Sample implementation of the SSI protocol for MSP430 microcontrollers will be published as open source during August 2006 by Nokia.

== SSI message structure ==

An SSI message consists of a 2-byte header and an n-byte payload. The header consists of a one byte address (wildcard is '?', 0x3F in ASCII) and a one byte message/command type. The different possible values for the message/command type are presented in SSI v1.2 command base.

=== SSI v1.2 command base ===

| Command byte | Direction | Description |
|---|---|---|
| Q,q (0x51, 0x71) | C-> | Query |
| A,a (0x41, 0x61) | <-S | Query reply |
| C,c (0x43, 0x63) | C-> | Discover sensors |
| N,n (0x4E, 0x6E) | <-S | Discovery reply |
| Z,z (0x5A, 0x7A) | C-> | Reset sensor device |
| G,g (0x47, 0x67) | C-> | Get configuration data for a sensor. |
| X,x (0x58, 0x78) | <-S | Configuration data response |
| S,s (0x53, 0x73) | C-> | Set configuration data for a sensor |
| R,r (0x52, 0x72) | C-> | Request sensor data |
| V,v (0x56, 0x76) | <-S | Sensor data response |
| D,d (0x44, 0x64) | <-S | Sensor response with one byte status field |
| M,m (0x4D, 0x6D) | <-S | Sensor response with many data points |
| O,o (0x4F, 0x6F) | C-> | Create sensor observer |
| Y,y (0x59, 0x79) | <-S | Observer created |
| K,k (0x4B, 0x6B) | <-> | Delete sensor observer / listener |
| U,u (0x55, 0x75) | <-> | Observer / listener finished |
| L,l (0x4C, 0x6C) | <-S | Request sensor listener |
| J,j (0x4A, 0x6A) | C-> | Sensor listener created |
| E,e (0x45, 0x65) | <-> | Error |
| F,f (0x46, 0x66) | <-> | Free data for custom purposes |

The group of commands:
- Q – query
- A – query reply
- C – sensor discovery
- N – discovery reply
- Z – reset
- G – get sensor configuration
- S – set sensor configuration
are used to find and configure sensor units utilizing the SSI-protocol.

The group of commands:
- R – request sensor data
- V – data response
- D – data response with status field
are used to read sensor data infrequently.

For data streaming purposes defined commands are:
- O – create sensor observer
- Y – observer created
- K – delete observer
- U – observer finished
- L – request sensor listener
- J – sensor listener created.
- V – data response
- M – data response with many data points

=== Point-to-point SSI ===

Point-to-point messaging with SSI can be done with SSI/UART. An SSI UART message consists of a 3-byte UART header, an SSI message as the payload and an optional Cyclic redundancy check checksum.
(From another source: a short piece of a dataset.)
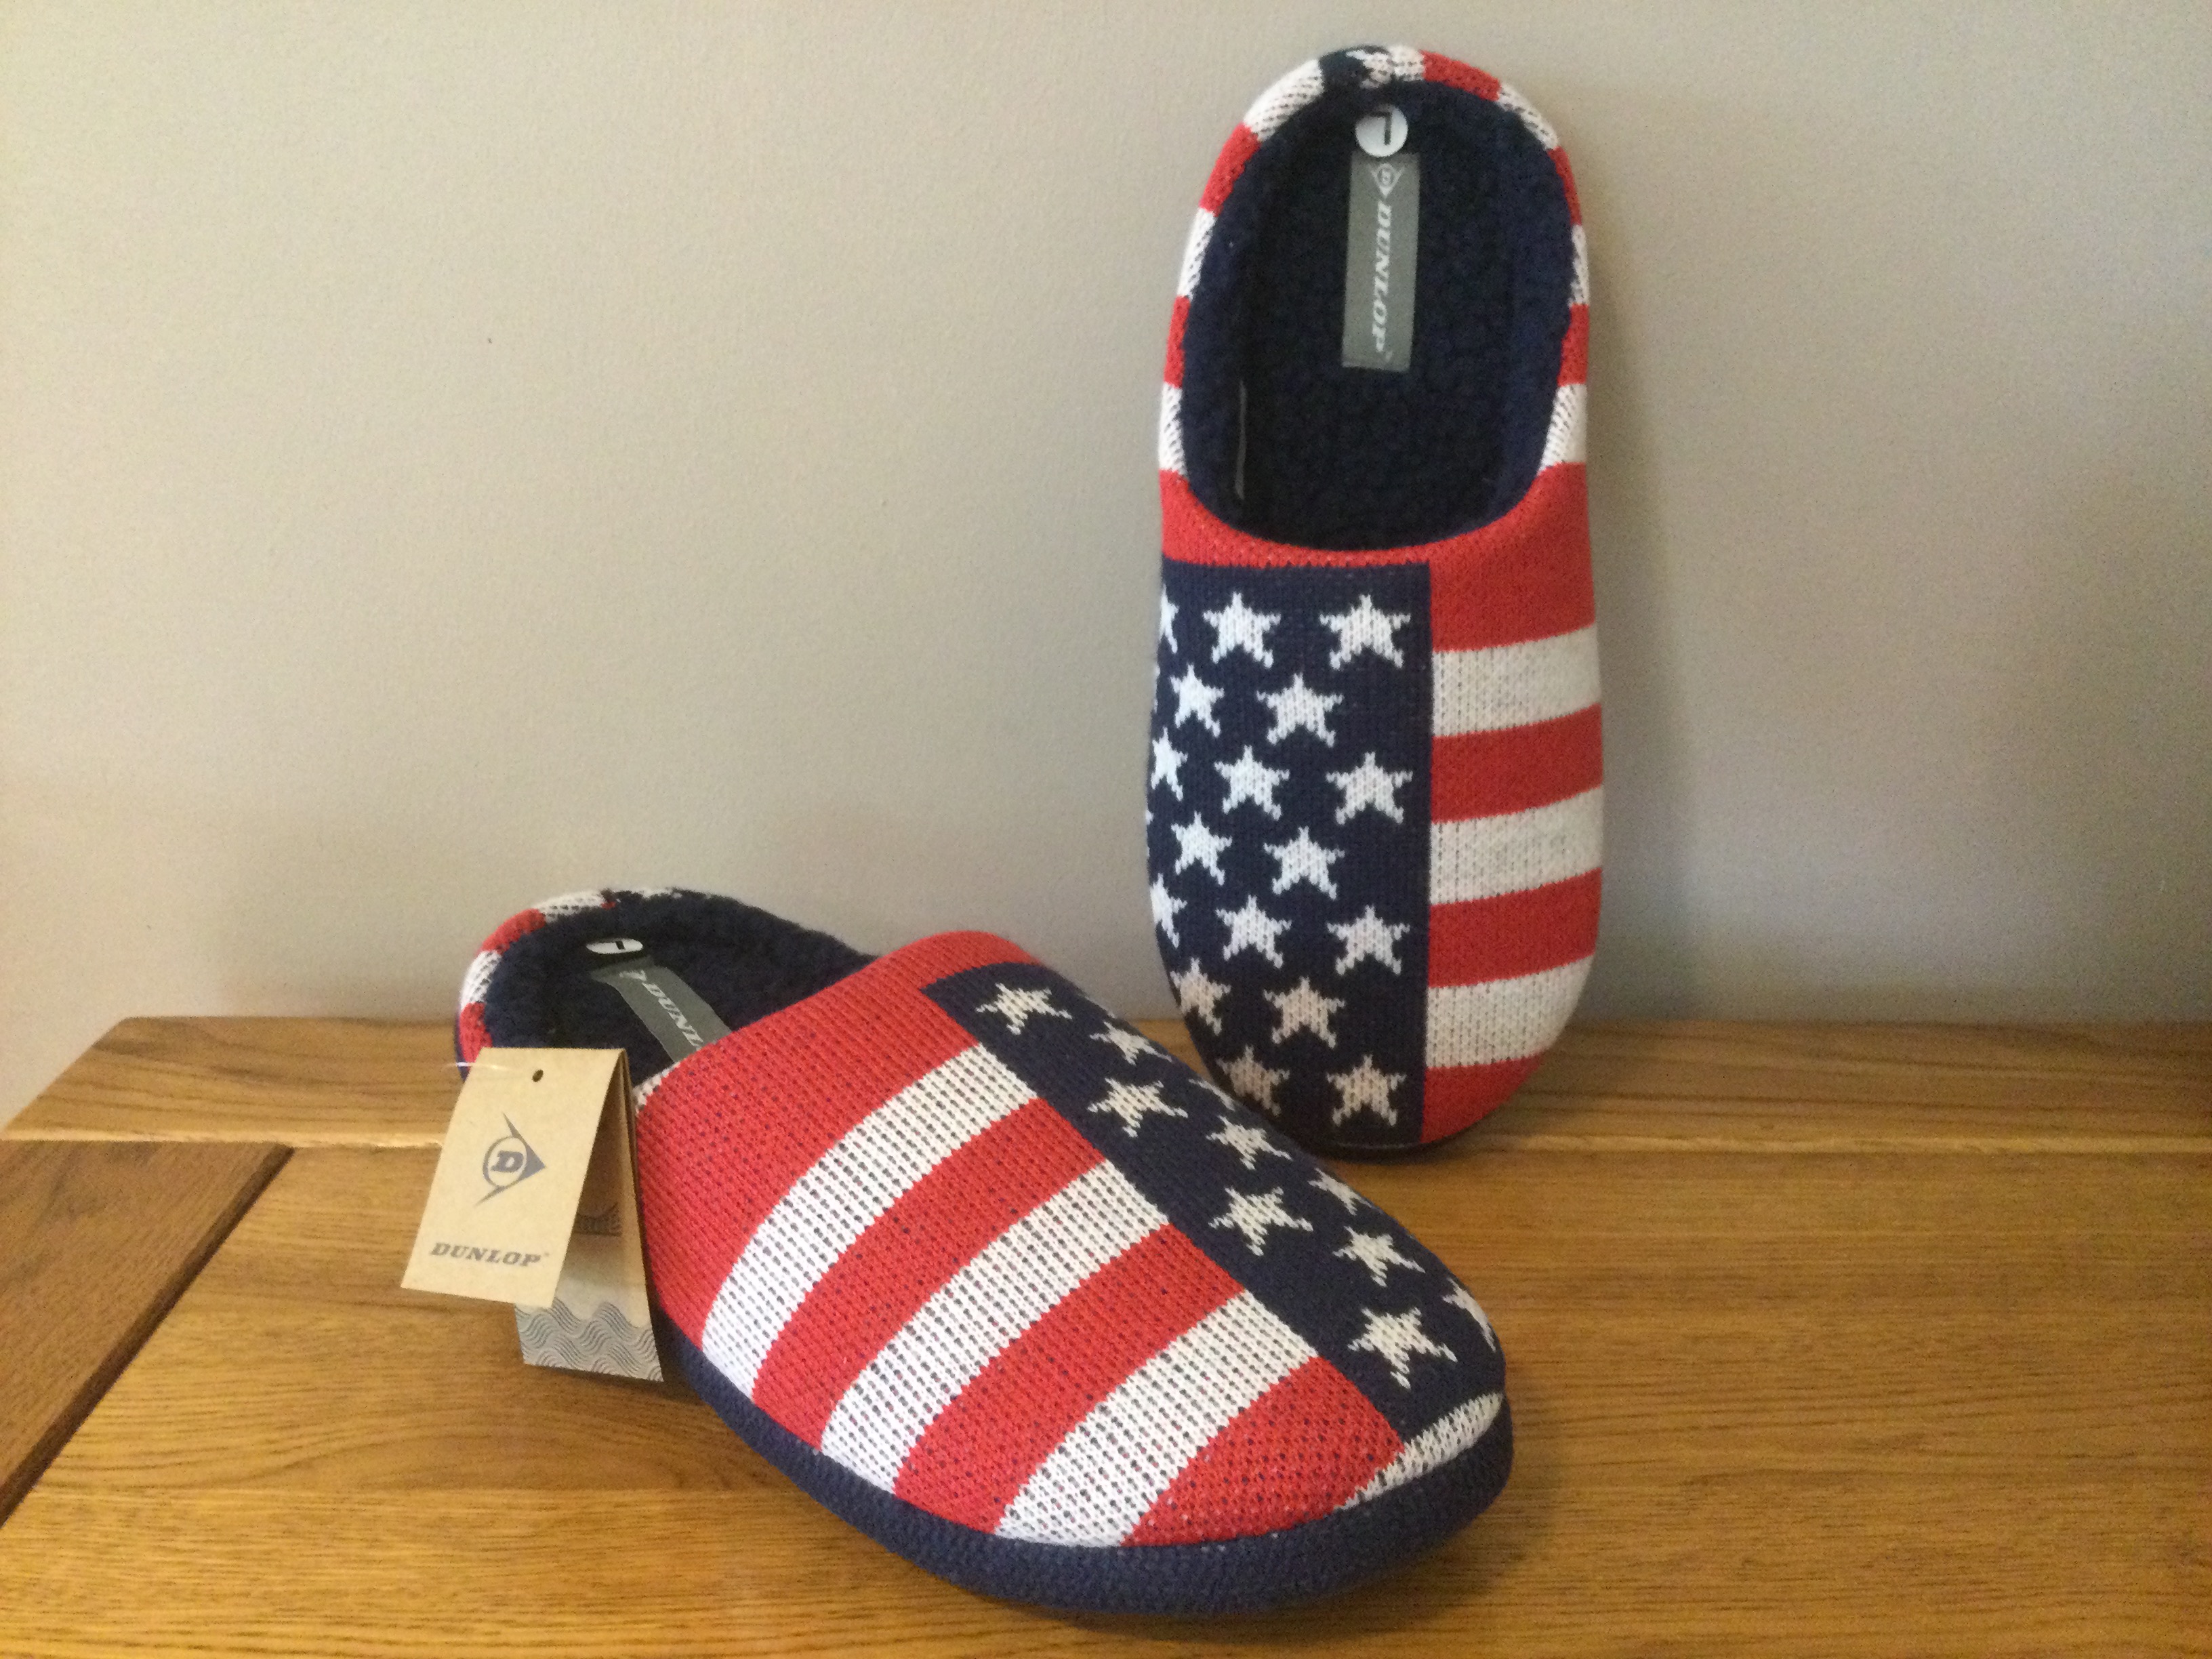 Job Lot 10 x Pairs Men's Dunlop, “USA Stars and Stripes” Memory Foam, Mule Slippers, Size L (10/1... - Image 7 of 7

The use of a checksum is defined by the SSI message/command type, with lower case commands indicating the use of CRC. The header consists of a start byte (0xFE), a 2-byte (total) length of the message and a 2-byte bitwise Negation length to help identify the frame start.

=== Networking SSI ===

SSI networking in a variable environment is done using nanoIP. In a typical case using SSI, an individual message is not important, and so nanoUDP (simplified UDP defined by nanoIP) is used as the message format. If individual messages are important, nanoTCP can be used, as it provides flow control and retransmission at a cost of message size and increase in network traffic.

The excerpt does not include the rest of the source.